In order to prevent overloading an Integration Service, it would be useful to be able to query the Integration Service for PATROL Agent connections, how many instances and attributes are being passed through the Integration Service, etc... The pproxcli was a great tool. It iw unfortunate (I would say a serious oversight) that this functionality was not included with the updated Integration Service architecture). Without thismethodology, it's difficult (maybe not possible) to make command line queries to ensure that we're not overloading the Integration Service). We've recently hit a built-in limit, which disrupted our deployment efforts. The rule of thumb is that you shouldn't have more than around 900 or so PatrolAgents connected to an Integration Service.

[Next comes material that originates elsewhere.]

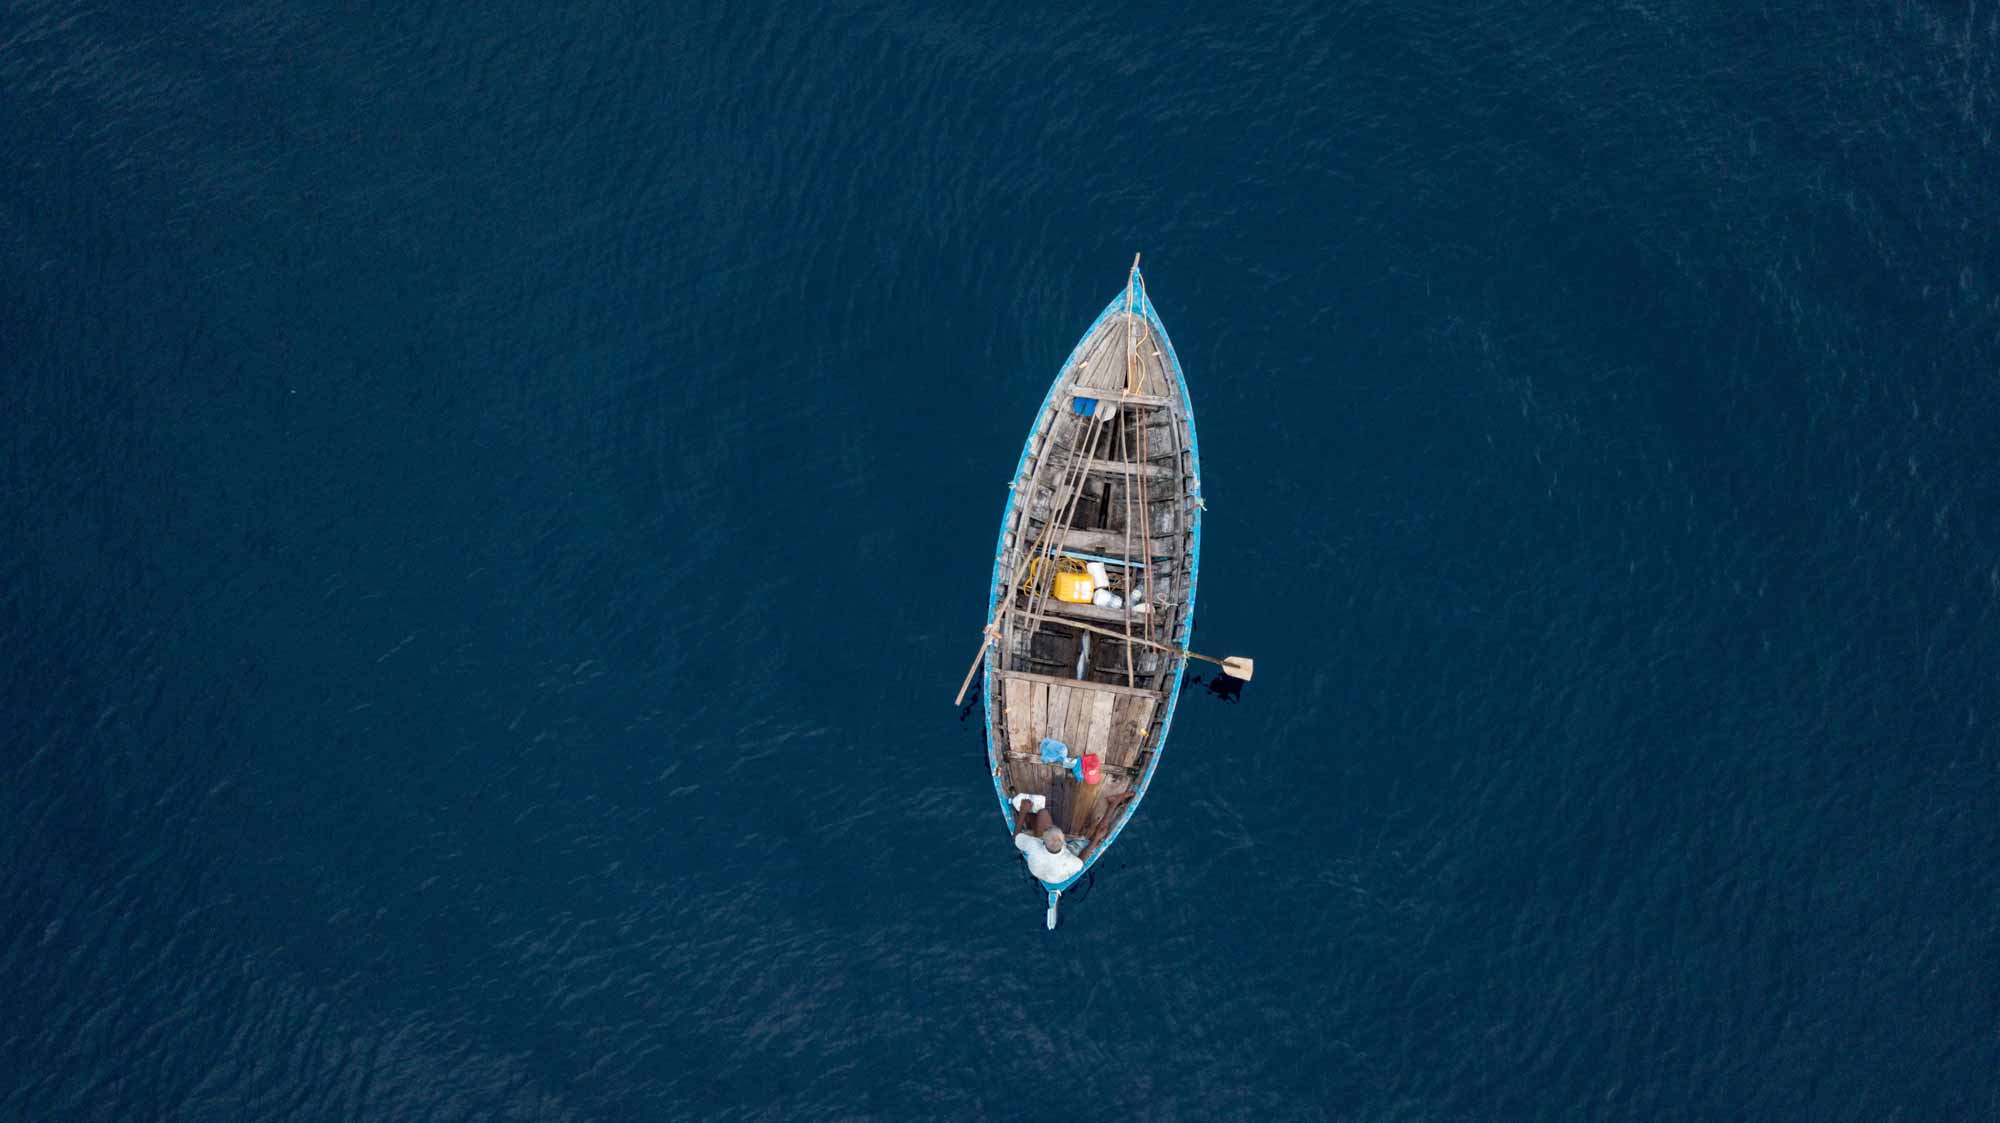 Pohled na člun zmítaný na otevřeném moři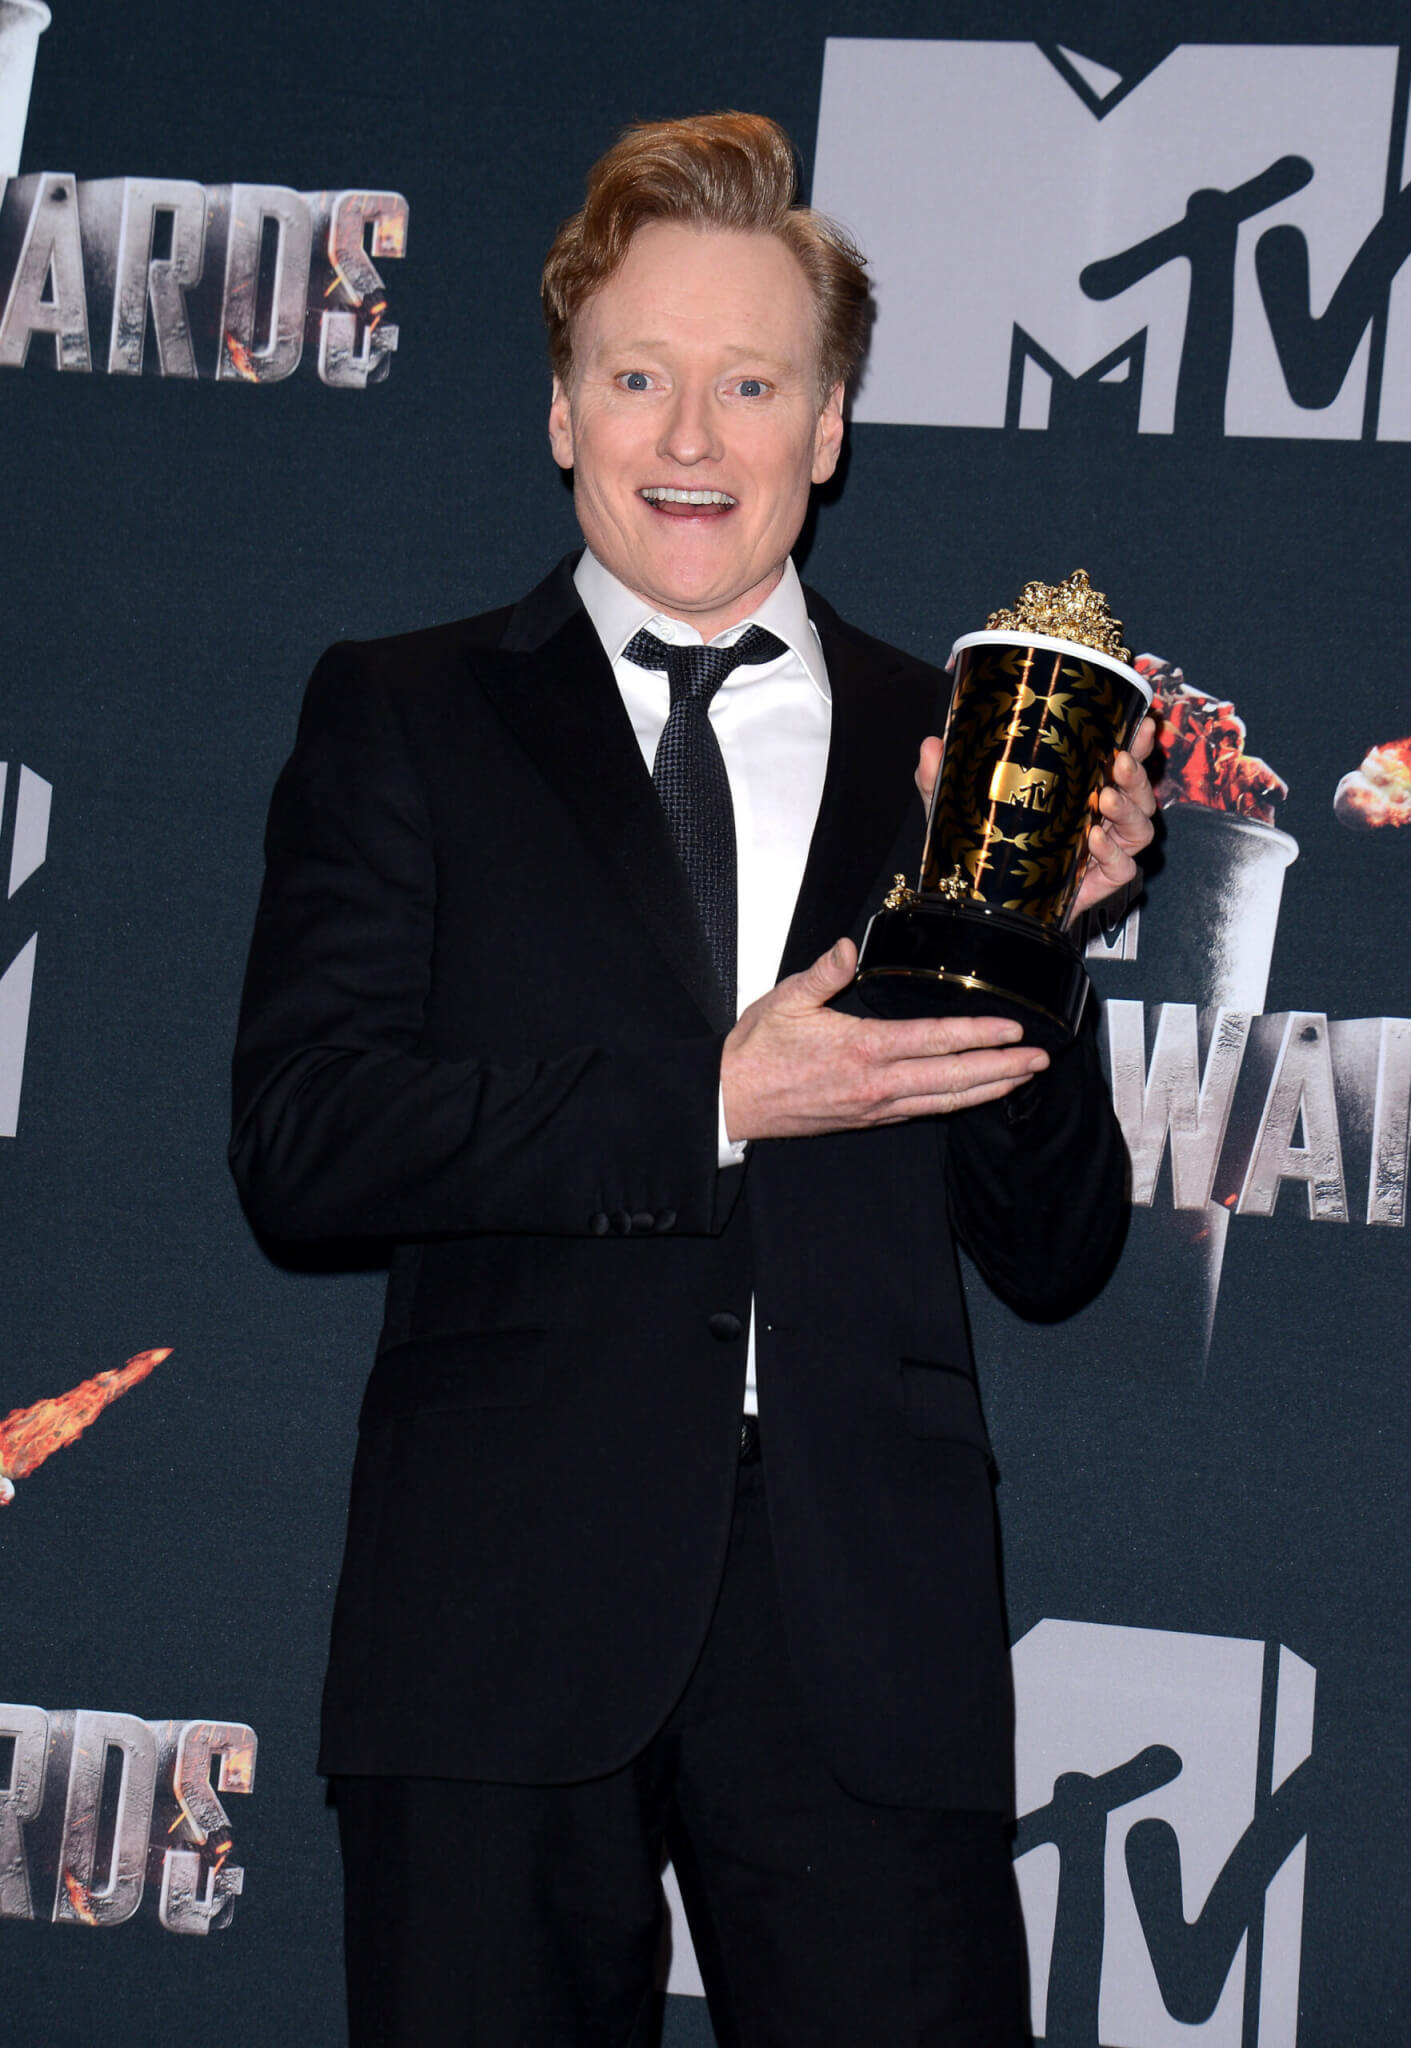 Conan O'Brien at the 2014 MTV Movie Awards

But this is really not a good rule of thumb because it doesn't take into account what kind of data and events are being delivered by PATROL Agents through the Integration Service nor does it factor in that certain KMs (remote monitoring, WebSphere, etc...) contain a lot of instances and attributes. Essentially, PATROL Agents that monitor lots of devices should probably be weighted more heavily than normal. for example, a PATROL Agent that does remote monitoring for hundreds of devices should probably be weighted according to the number (or perhaps a percentage) of the devices that are being monitored.
I think it would be useful to have self-monitoring covered as an all encompassing topic in the BMC TrueSight documentation. What documentation that exists is sprinkled across the landscape and I haven't found anything to tie it all together.
If anyone has anything to share regarding this, that would be great. I would love to hear your ideas about self monitoring in BMC TrueSight Operations Management.